Stay with me
In celebration of the new Gallery Association of Los Angeles (GALA) and the launch of its digital forum GALLERYPLATFORM.LA, Luis De Jesus Los Angeles is very pleased to present Stay with me, a selection of works by Gabriel Sanchez, Carla Jay Harris, and Lia Halloran—and a preview of our summer exhibition. Reflecting upon this peculiar moment of collective stillness and contemplation, the three artists depict the human figure in the company of others and in isolation. Stay with me bridges the challenging events of this world and invites us to enter into a deeper awareness of our human nature and existence, allowing us to experience our transcendent unity.
Gabriel Sanchez’s new paintings explore dialogues between solitude and intimacy, and proximity and union that are ever-present in Cuban society. Each painting captures a small scene of mundane events that occur daily on the island. In these snapshots the distractions of urban life are minimized, and our attention is brought to bear on one particular and present moment. Sanchez’s use of realism produces “an authentic and inescapable illusion of existence” and brings the viewer into a closer relationship with his subject. The figures portrayed—a lover, family, friends, and acquaintances—serve as depictions of the stoic nature of Cuban culture that has changed little over time and also as reminders to the world of what has been lost. In the painting “Mirando al Mundo” Sanchez uses the three nude figures as a stand-in for the tri-colors of the Cuban flag, which also reflect the racial and ethnic history of Cuba: white, blue (black), and red (mulatto).
In her most recent body of work, Celestial Bodies, Carla Jay Harris draws inspiration from her experience as a “third culture kid.” Harris spent a significant part of her youth living outside the United States—primarily in Italy and Germany. According to the artist, “this was a surreal experience that permanently shifted my perception of belonging.” Othered by race, language, culture, and nationality, she was drawn to mythology which has become central to her work. Throughout history, mythology has served humankind's desire to understand its surroundings, nature, and society. Through myth-making Harris taps into a sense of belonging that extends from notions of kinship to universal cultural concerns and narratives.

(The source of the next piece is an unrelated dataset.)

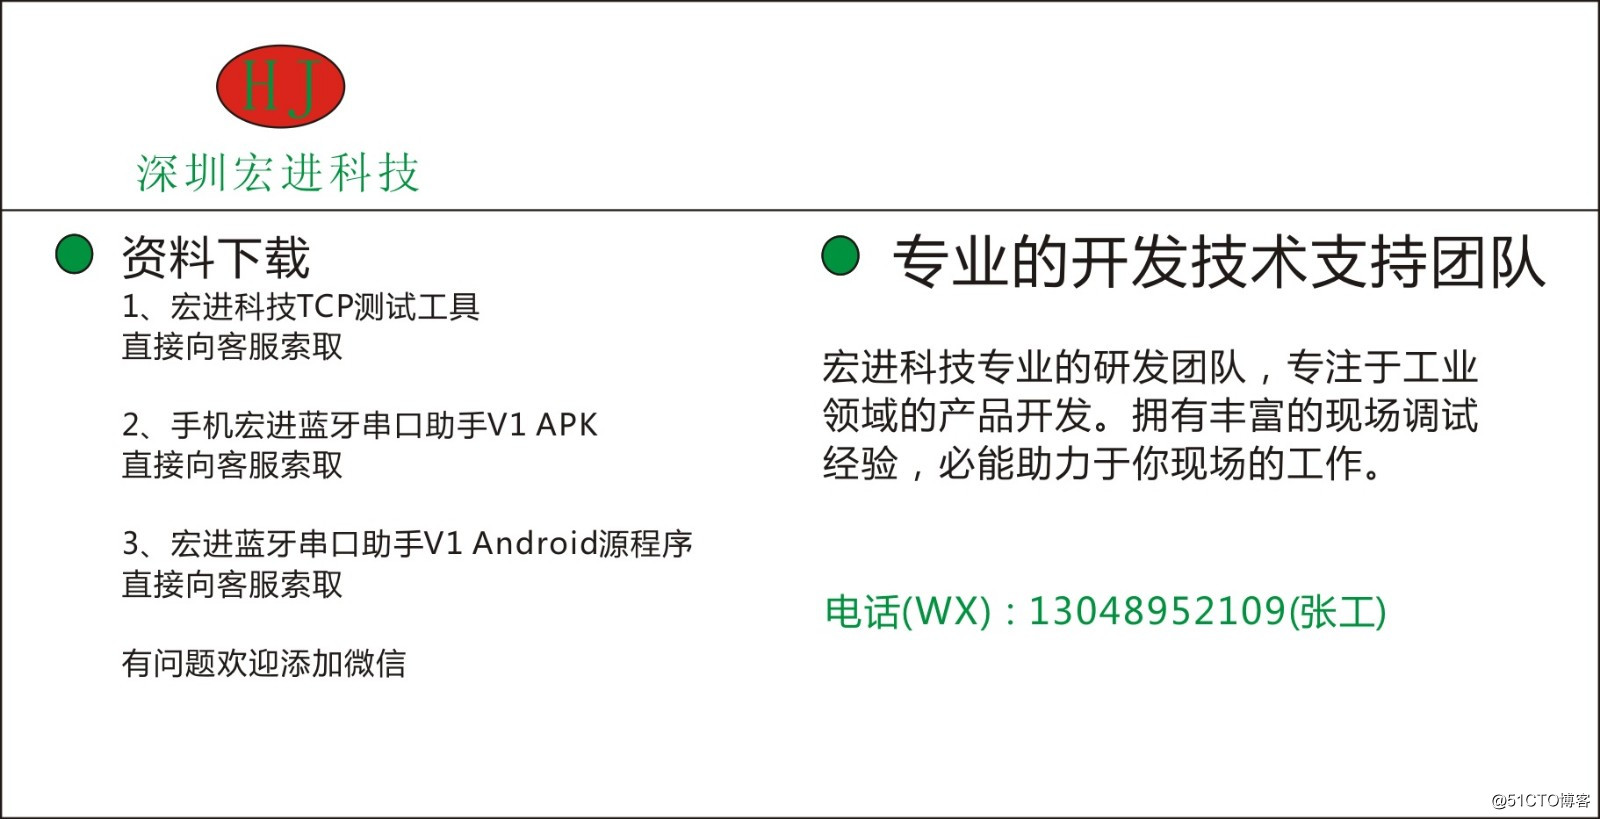 手機藍牙轉串口硬件和ANDROID的APK程序開發源代碼

For many years, Lia Halloran’s studio practice has been in dialogue with science and nature. She interweaves ideas about sexuality, intimacy, and physical movement in projects whose subjects range from astrophysics to perception to classification to interconnected relativity. In these ink on vellum works Halloran presents an investigation into the human form and the passage of time where flesh undergoes a metamorphosis into crystallized figures. What begins as a dual depiction of close friends and crystal forms becomes a “negotiation” of action and reaction via ink—an image that fluctuates between strict representation, the intangible object, and the inherent fluidity of the medium. Some subjects are fully realized as human figures; others are camouflaged into the hardened natural elements, and manifest a kind of dormant but sensually charged dialogue that expresses the universal and intimate qualities of each.
Halloran’s Your Body is a SpaceThat Sees is a series of large-scale cyanotype works that source the history and discoveries of a group of women known as ‘Pickering’s Harem’, or later the ‘Harvard Computers’, who worked at the Harvard Observatory starting in the late 1800s through the first half of the 20th century. This group made significant impacts in the field of astronomy by using photographic glass plates to establish classification systems for the size, brightness and chemical content of stars. Halloran’s research for this series was done in partnership with the Harvard University Archive, which houses the world’s largest collection of historic astronomical photographic plates. The artist identified specific plates used by these women and utilized them as a reference for her large ink-on-drafting film paintings, which she employed as negatives in the creation of the cyanotypes. Halloran pays tribute to these women by including their names and their discoveries in the titles of the works.